In September of 1917, just prior to World War I, Miss Johnson married William J. Bland. Major Bland was reported missing in action in France in 1918, and after the war, Mrs. Bland searched for and eventually located her husband’s body. She also assisted other people not able to travel to Europe in locating relatives missing during the war. Mary Johnson Bland never remarried.
Mrs. Bland was an avid supporter of the Red Cross. In Kansas City, she taught safety courses and oversaw the preparations of surgical dressings during World War II. Also, during the war, she traveled to Europe at her own expense in order to direct the operations of American Red Cross Service Clubs in England and France.
Expressing a lifelong interest in historical and genealogical matters, Mrs.

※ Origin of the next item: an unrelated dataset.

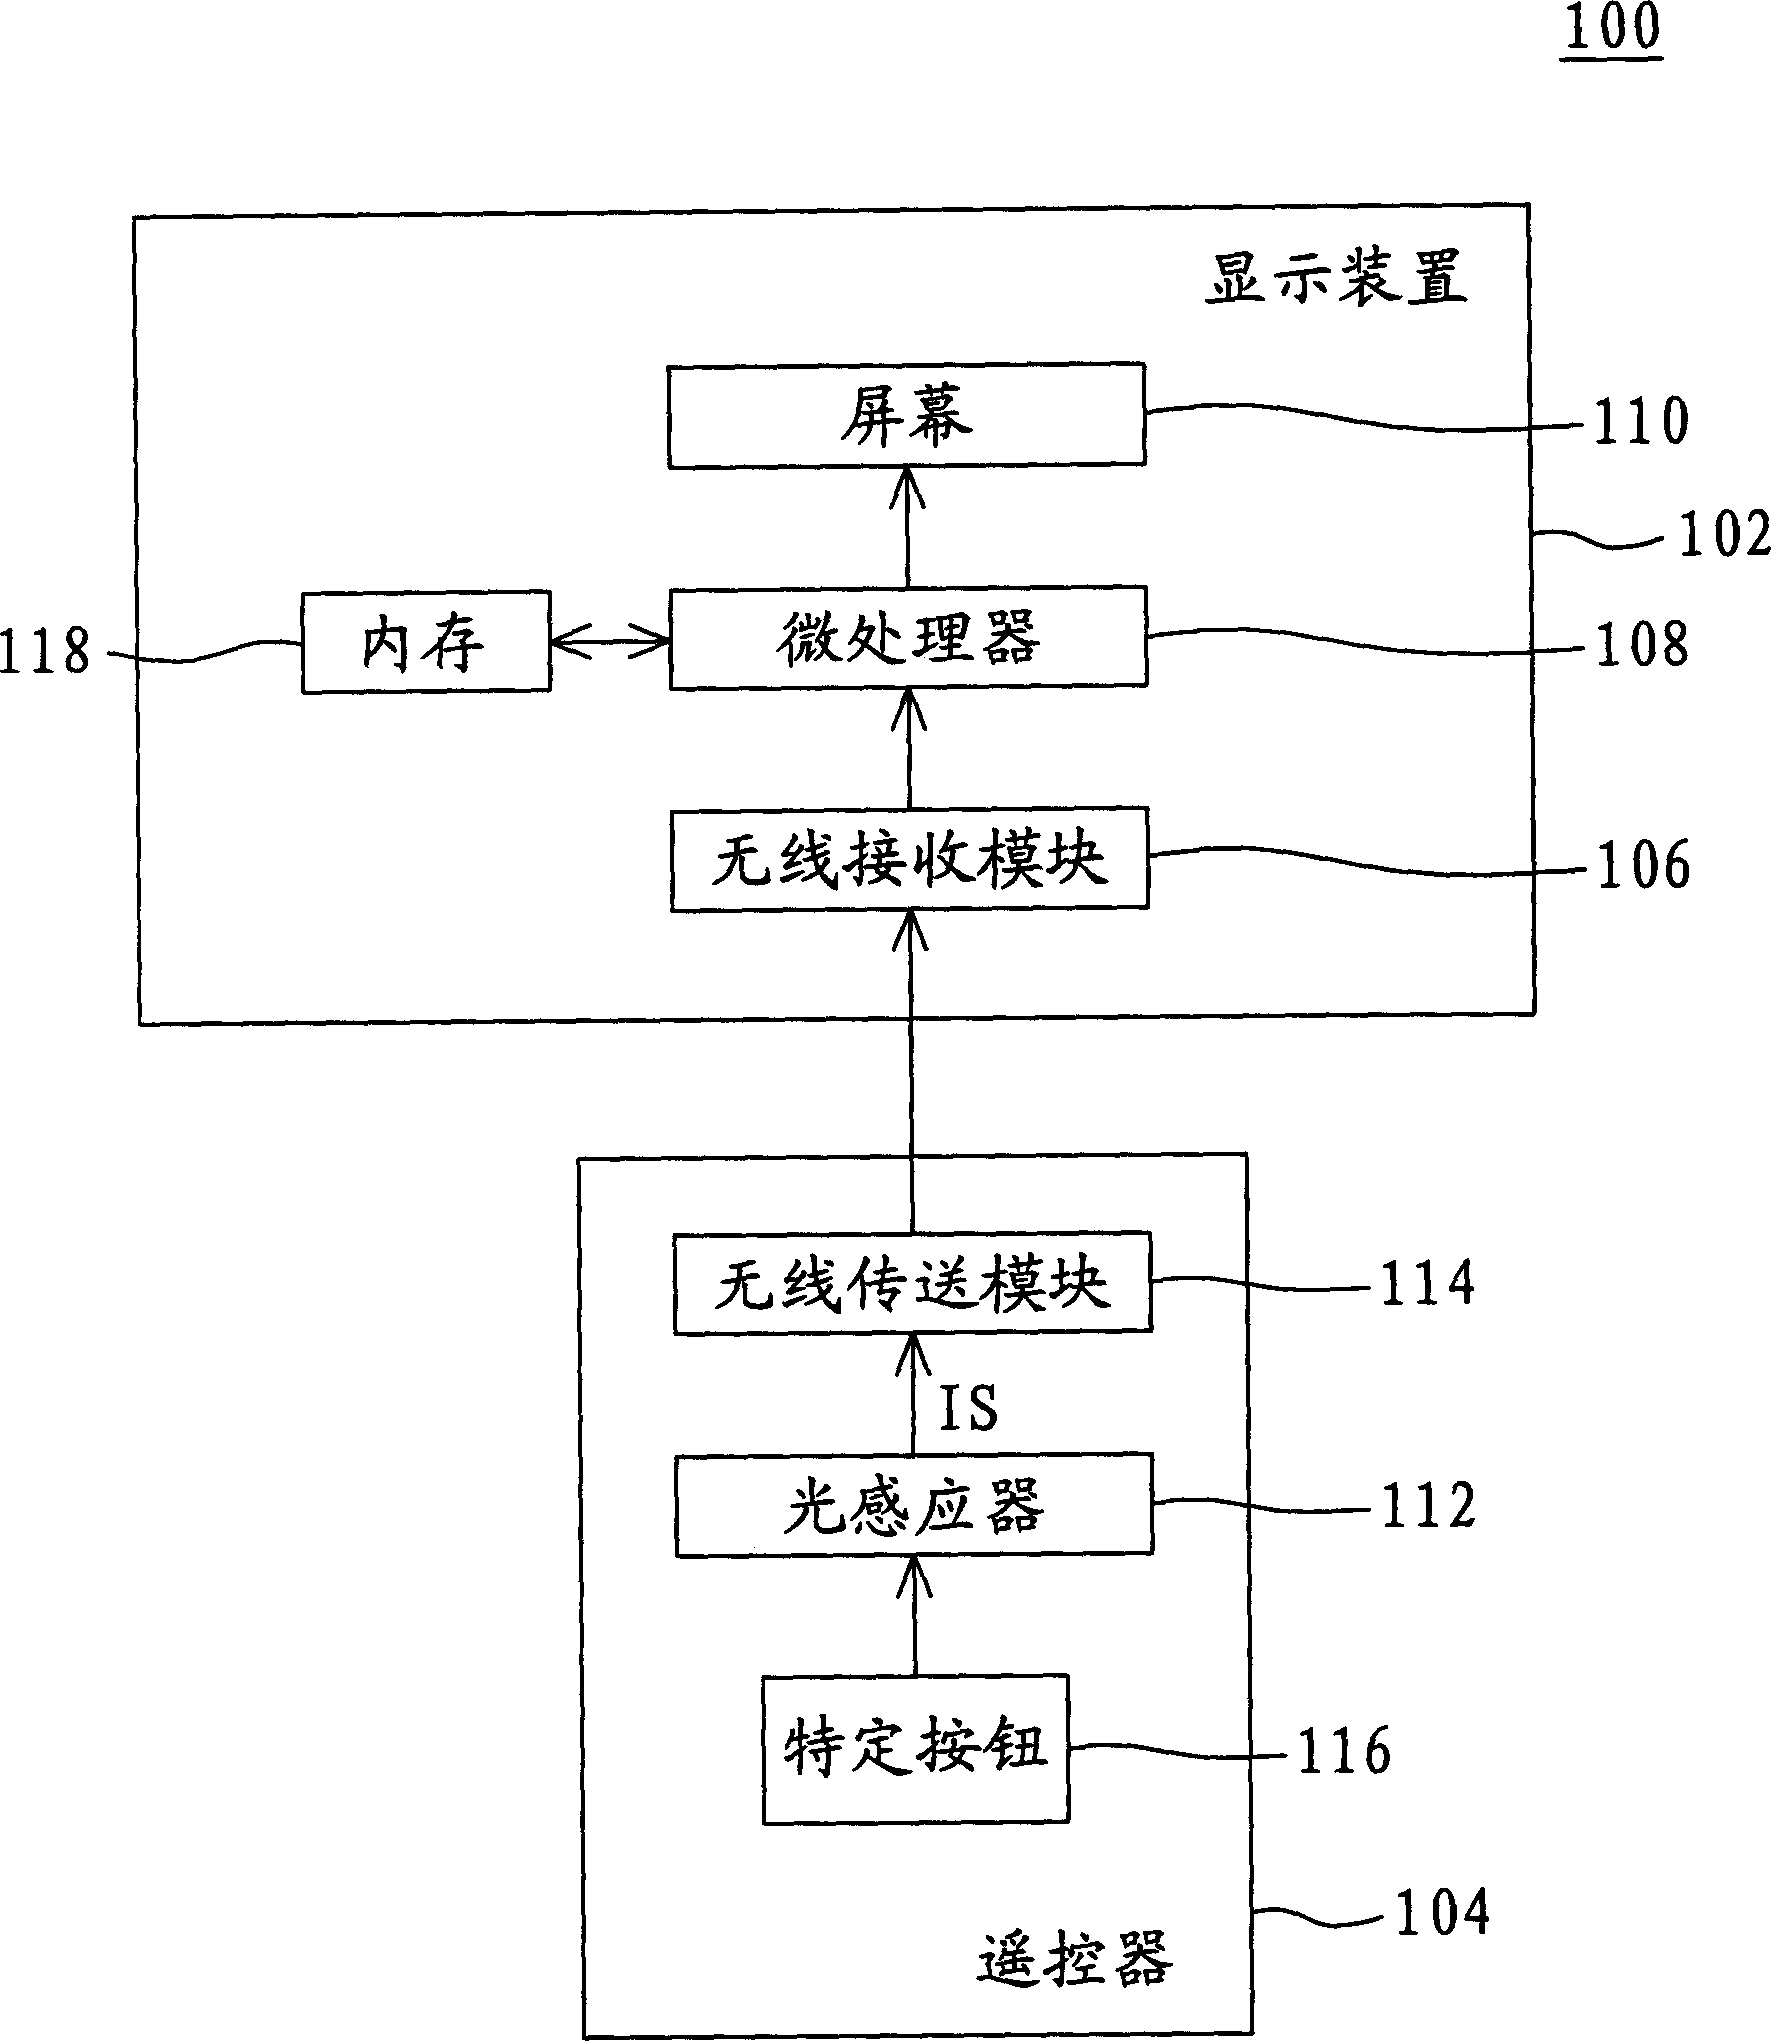 Display system and method capable of automatically adjusting display brightness
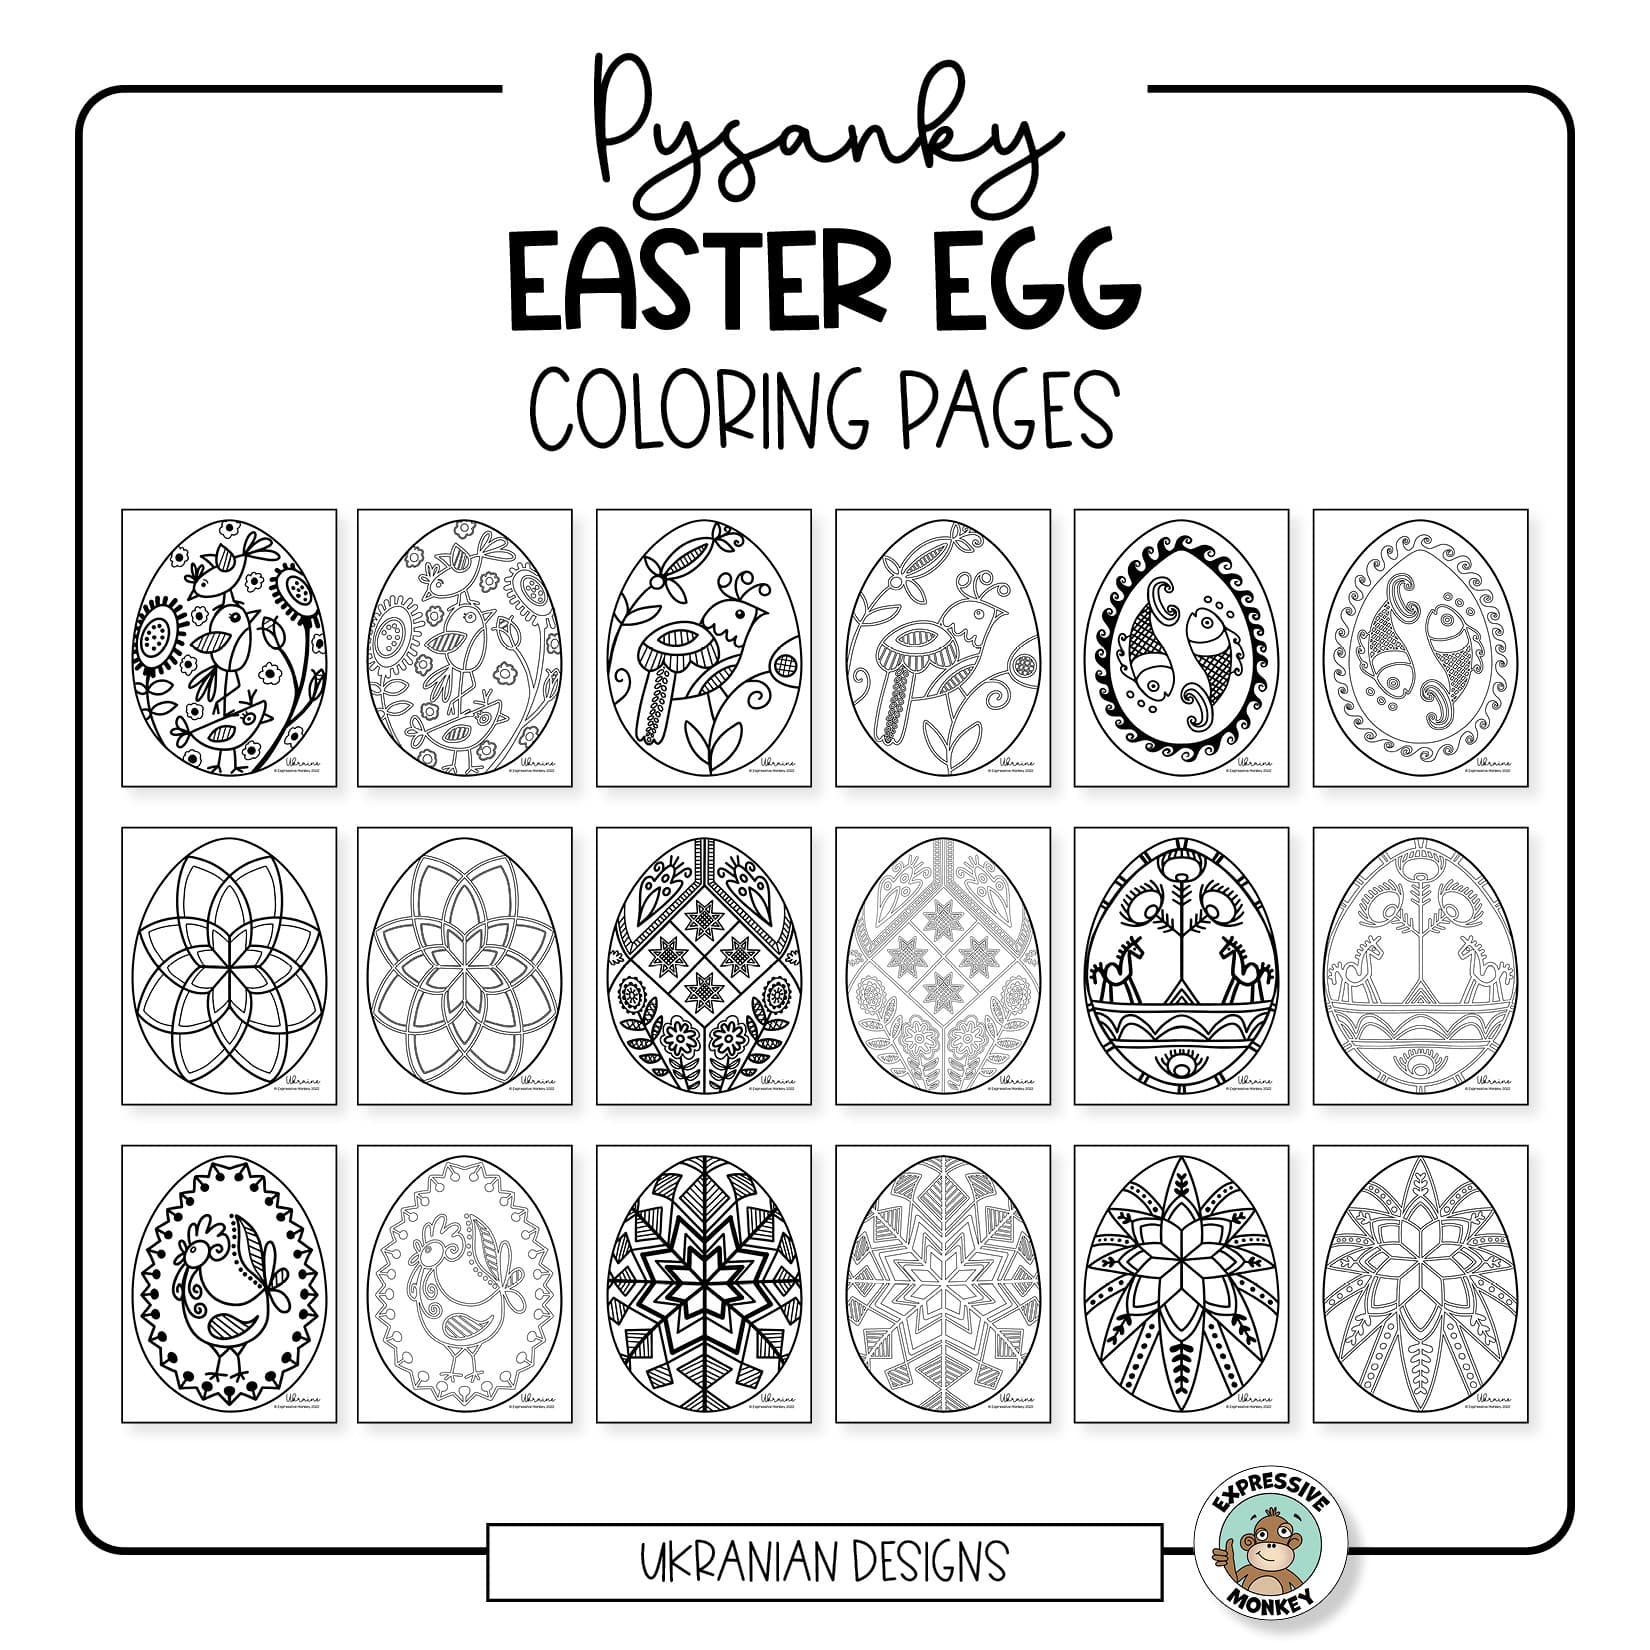 Pysanky eggs coloring pages

Bland was very active in several ancestral-related organizations. The papers consist of a photocopy of a volume compiled by Mrs. Helen Faye Smither in 1983 entitled, Bits and Pieces from the Mary Johnson Bland Files on The Cox, Harris and Johnson Families of St. Clair County, Missouri, 1700-1925. The volume has a general index and an additional index to blacks mentioned in the materials. Other genealogical materials and family photographs are also included. Mrs. Bland also researched her husband’s family, which resulted in the volume entitled, On the Bland Side, 1700-1950, which contains compiled letters, memorabilia and notes. The papers also include a photocopied transcript of the journal Mrs. Bland kept while in England and France with the Red Cross in 1944 and other materials concerning her work with the Red Cross. Much of the collection consists of publications, printed materials, and notes concerning Missouri and Civil War history. The business records of the Morley and Bland firm’s final years may also be found in the papers.